Commenting on this review for this article, Amy Guzik, MD, associate professor of neurology at Wake Forest University School of Medicine, Winston-Salem, N.C., said that all physicians are looking for opportunities to use technology, especially in stroke, to diagnose and treat patients in the best way they can.

“Figuring out ways to increase efficiency and get the word out to our patients is very important to us and is probably why there are so many apps out there,” said Dr. Guzik.

“There are some ways such apps could be particularly useful. One is in remote hospitals that might not have a neurologist. Helping with the diagnosis and determining what is a bad stroke that needs to go to a higher level of medical care, or whether it is something the local hospital could take care of, would be useful,” said Dr. Guzik.

“Also helping EMS figure out which hospital to go to, or once they are on their way, being able to talk to the neurologist or neurosurgeon or the emergency room doctor and make a plan before the patient gets here, so we can expedite care when the patient arrives, is where apps can be particularly useful,” she added.

There are limitations to what apps can do, however.

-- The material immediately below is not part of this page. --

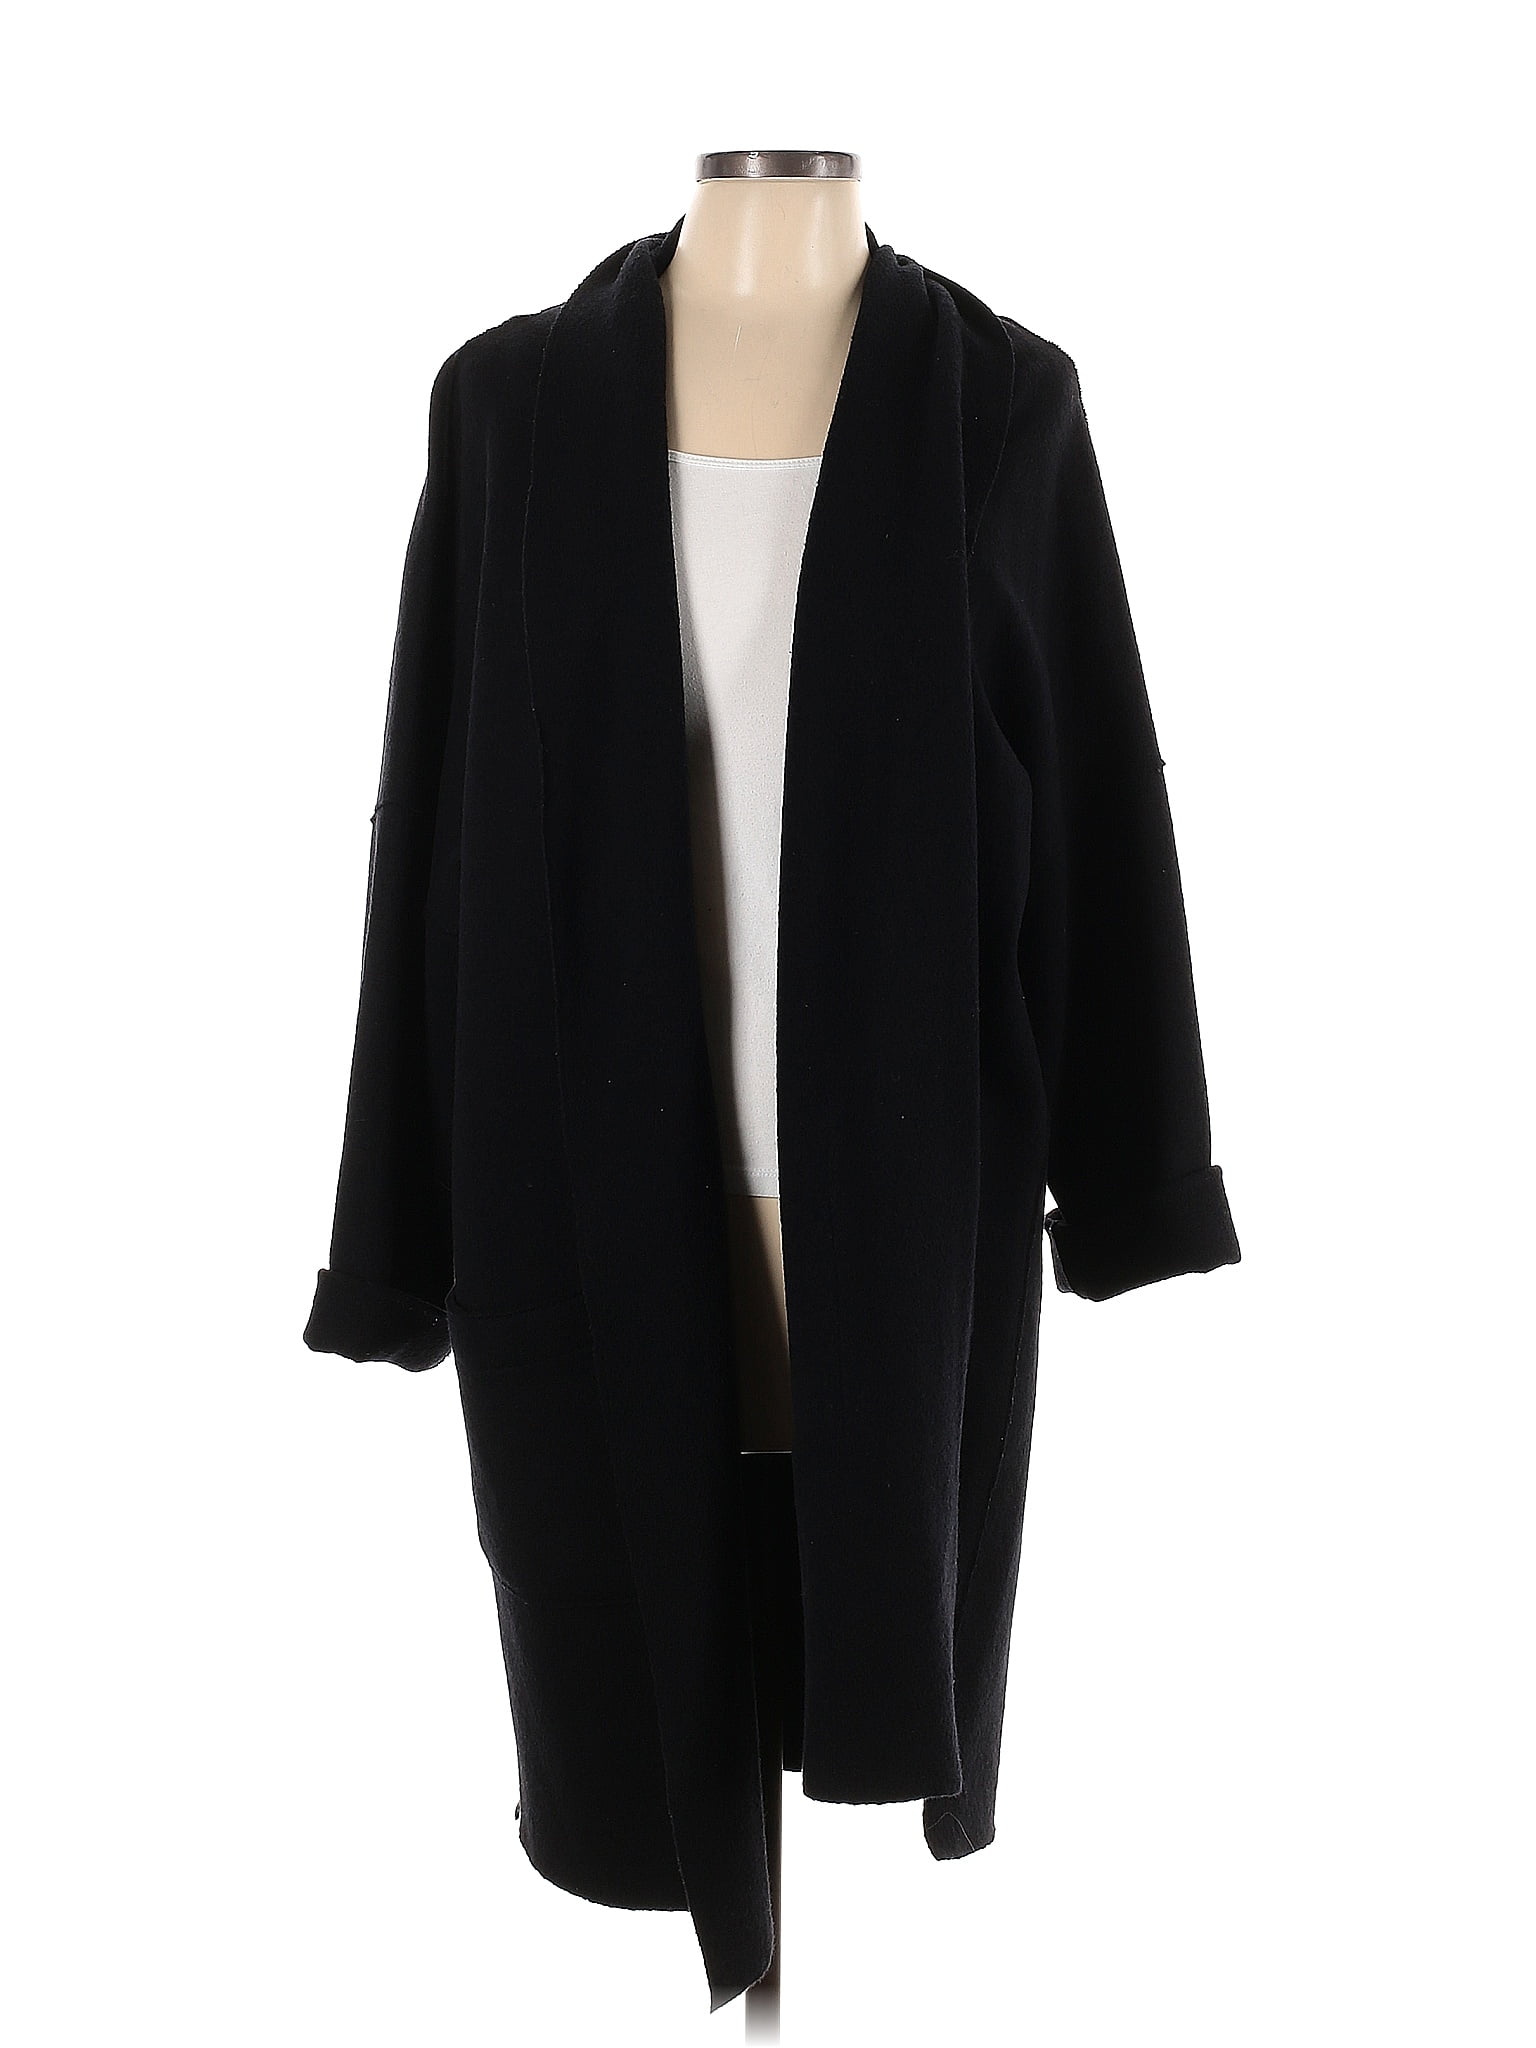 Eileen Fisher 100% Wool Solid Black Jacket Size L - 74% off | ThredUp
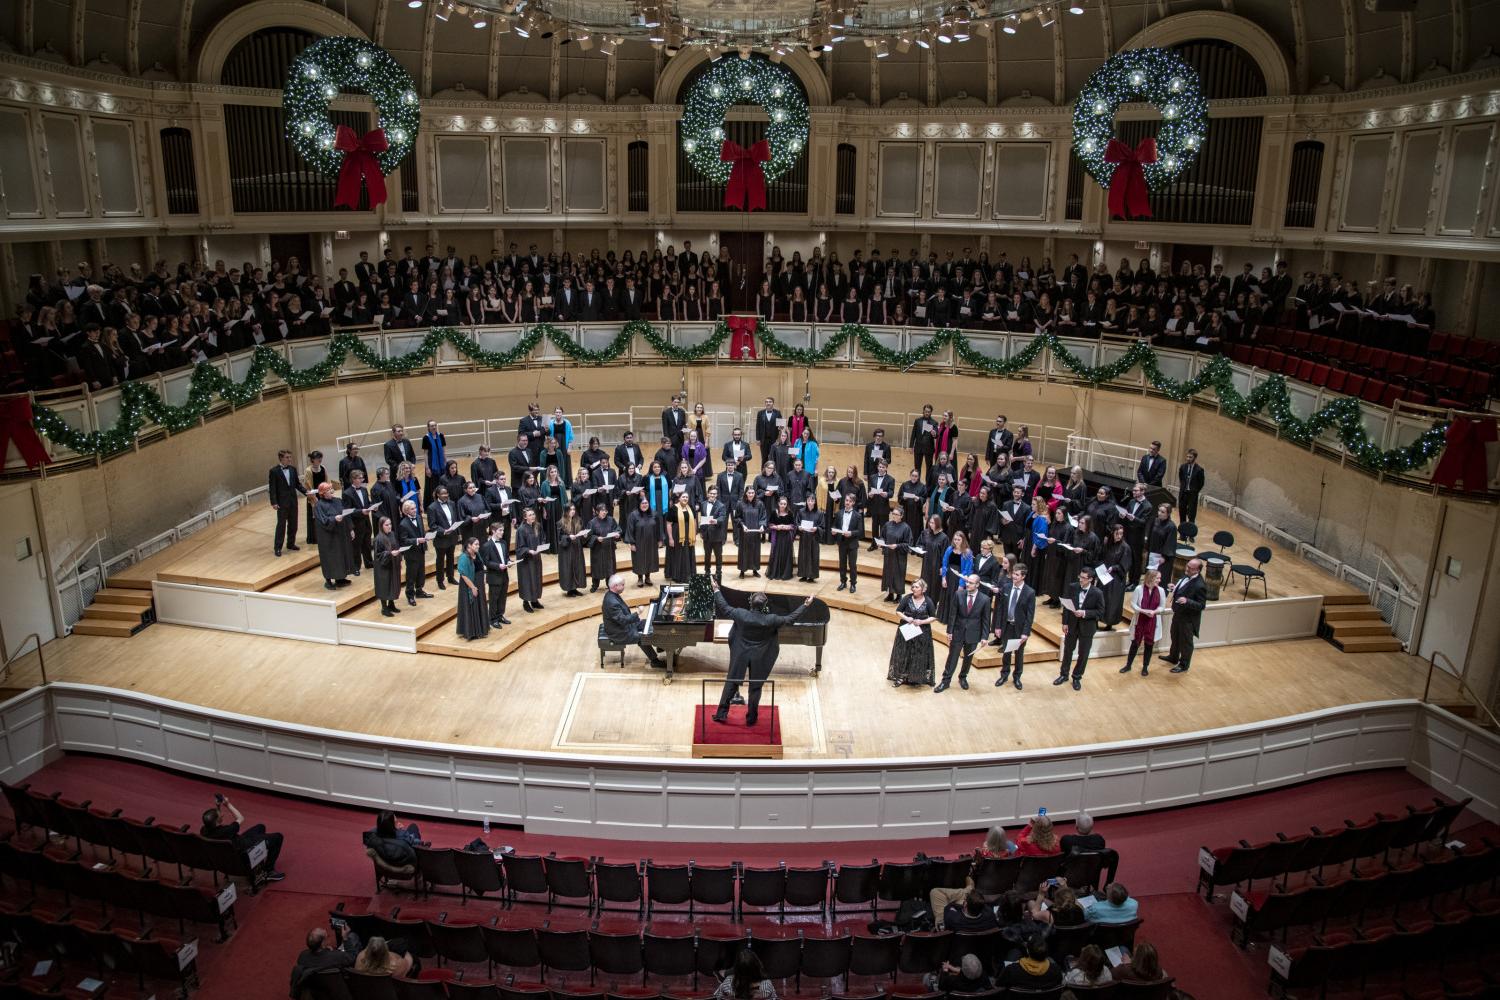 The <a href='http://dvf.nbshgold.com'>全球十大赌钱排行app</a> Choir performs in the Chicago Symphony Hall.

In the case of stroke, patients may often have important barriers that do not allow them to use apps at all, she said.

“Regardless of how they are being taken care of, a lot of our stroke patients will have problems with technology. A stroke can make texting difficult. Patients may have language difficulties, weakness, or cognitive impairment. They are relying on caregivers. All of this makes it difficult for a tech solution to be the automatic solution, unless things are done in a thoughtful way to make sure that it is appropriate for stroke patients.

“Also, there are a lot of elderly patients who may not necessarily be the most tech savvy and do not have as much digital literacy as younger patients. Another limitation to consider is that some people may not even have easy access to technology. So we must make sure that this is all done with an equity focus,” said Dr. Guzik.

The study was funded by the Associazione Nazionale fra le Imprese Assicuratrici (ANIA). Dr. Pilato and Dr. Guzik reported no relevant financial relationships.

A version of this article first appeared on Medscape.com.